Patterns use exaggerated movements and strive for perfection in techniques, but they should not use any unnatural techniques. Sparring movements are basically the same as those used in patterns and they still strive for perfection of movement, but the movements are more concise for speed and they are focused and controlled so they don’t harm the opponent. Self-defense techniques are the same as used in patterns and sparring, except there is no concern for perfection and they are focused for maximum power and injury to the attacker. To be effective in pattern performance, sparring, or self-defense, we should use the same techniques and motions and not have to think about which to use in each situation.
When the public watches martial artists, or any other athletes perform, they see people performing smooth, rhythmic, natural movements. Sometimes the movements are performed to a level that only a highly trained athlete can perform, but the public doesn’t perceive the movements as unnatural. When the public, or a practitioner of any other style of martial arts, watches an ITF practitioner move in a sine wave motion, or especially in a sawtooth motion, the motion seems odd, contrived, and unnatural.

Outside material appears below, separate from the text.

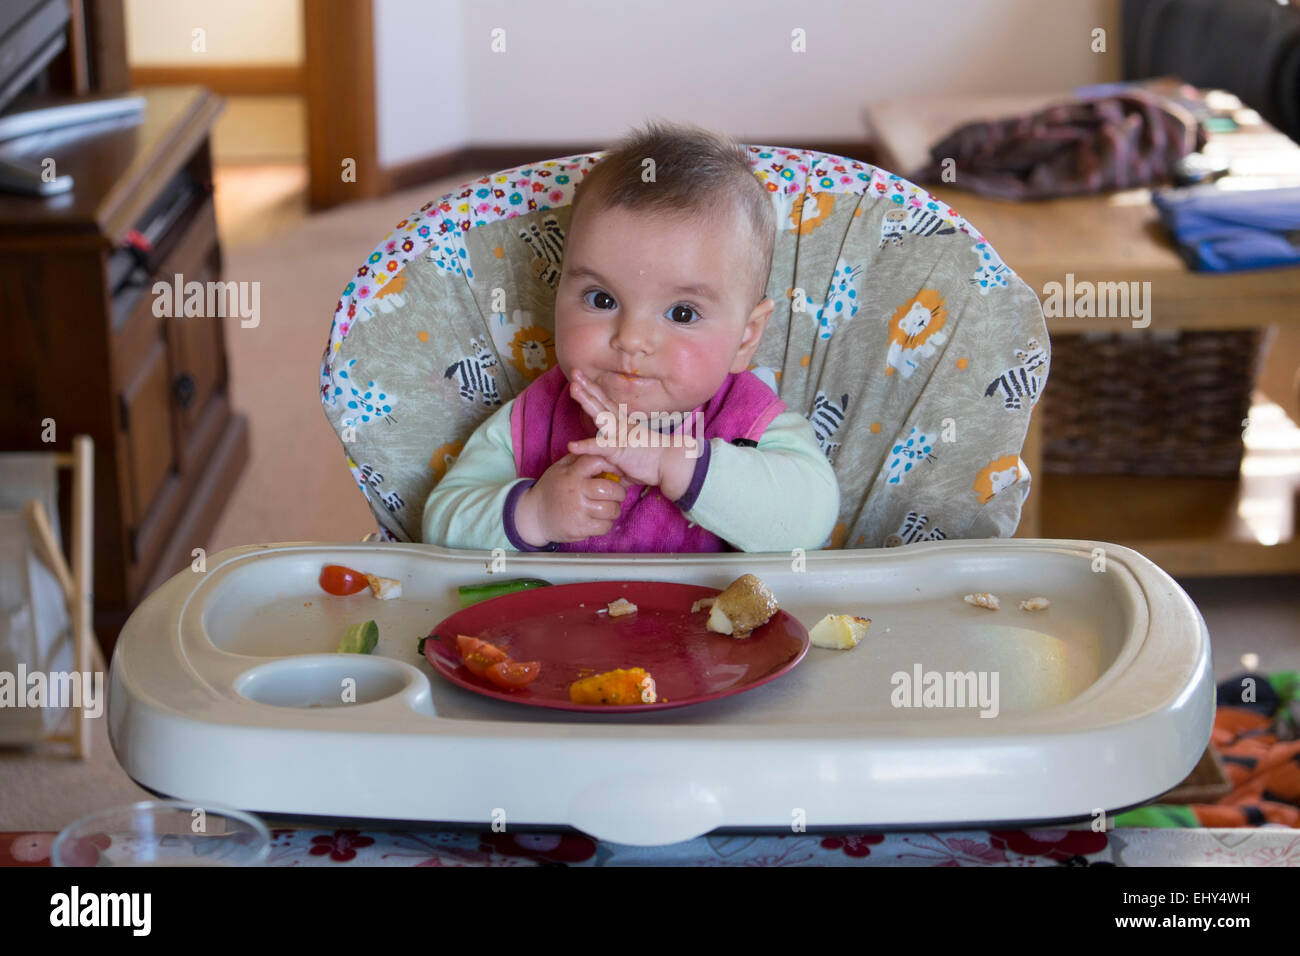 8 Monate altes Babymädchen Essen im Hochstuhl Stockfotografie - Alamy
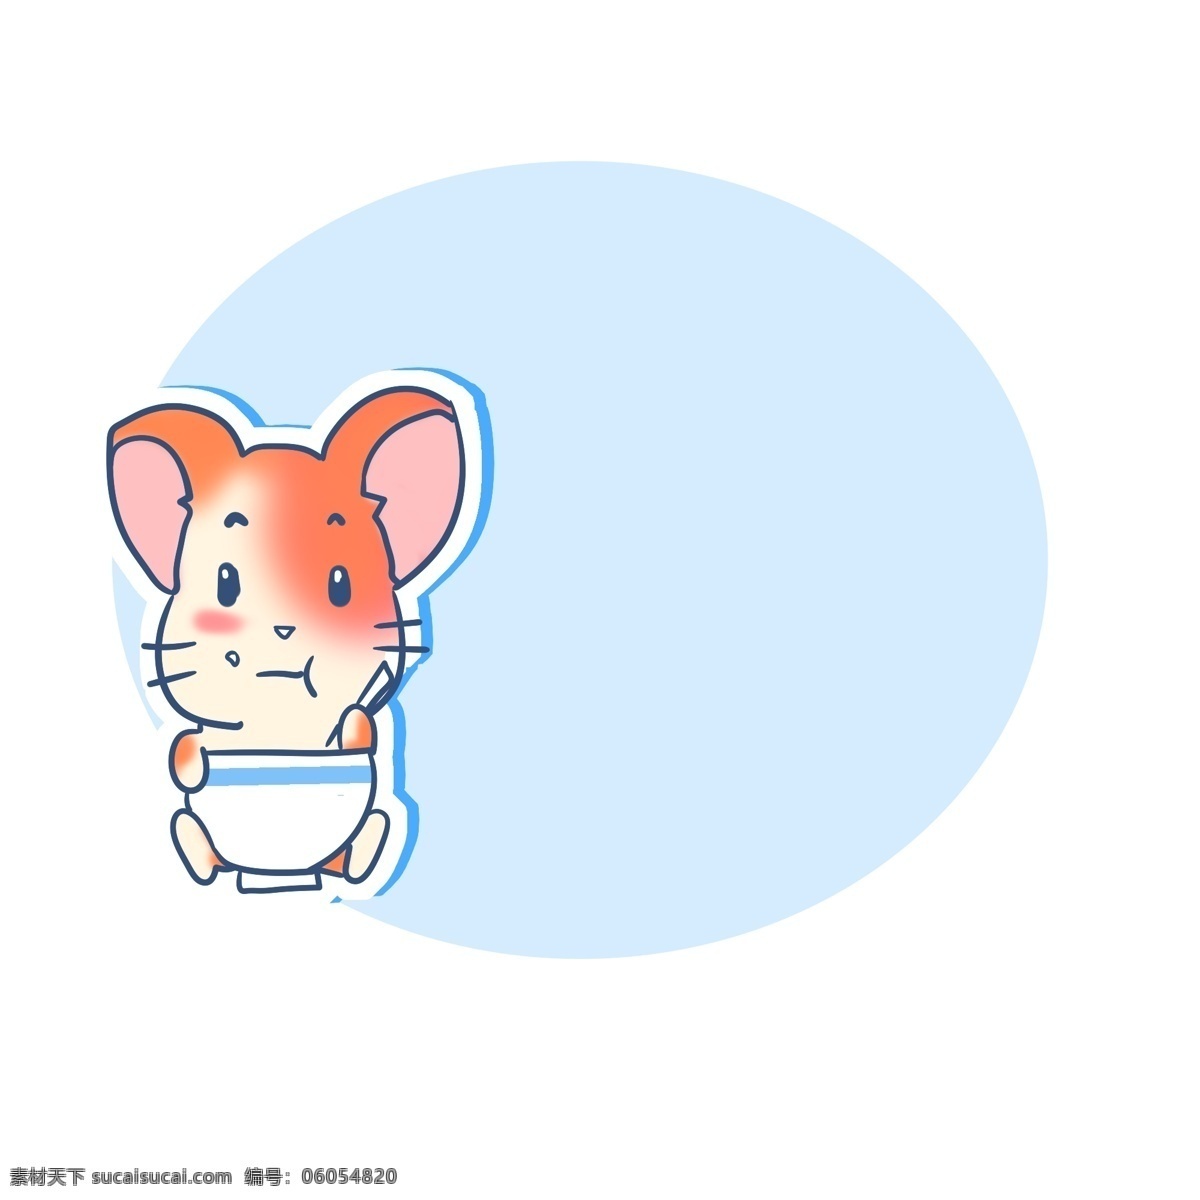 温馨 提示 小 老鼠 边框 小老鼠边框 温馨提示边框 卡通边框 可爱的小老鼠 警示 蓝色边框 小动物边框

We move naturally, babies do not have to be taught how to move and walk, it just happens instinctively. World champion runners do not have to learn some new way of running, they just learn to perfect the movements of natural running. As martial artists, we need to perfect our techniques and move naturally. We don’t need to learn some new way of moving that some "master" as determined to be the best way to move, especially when it’s in opposition to the way nature has designed us to move. General Hi did a lot of things for taekwondo during his lifetime but inventing and teaching the sine wave and the sawtooth ways of moving were not one of them.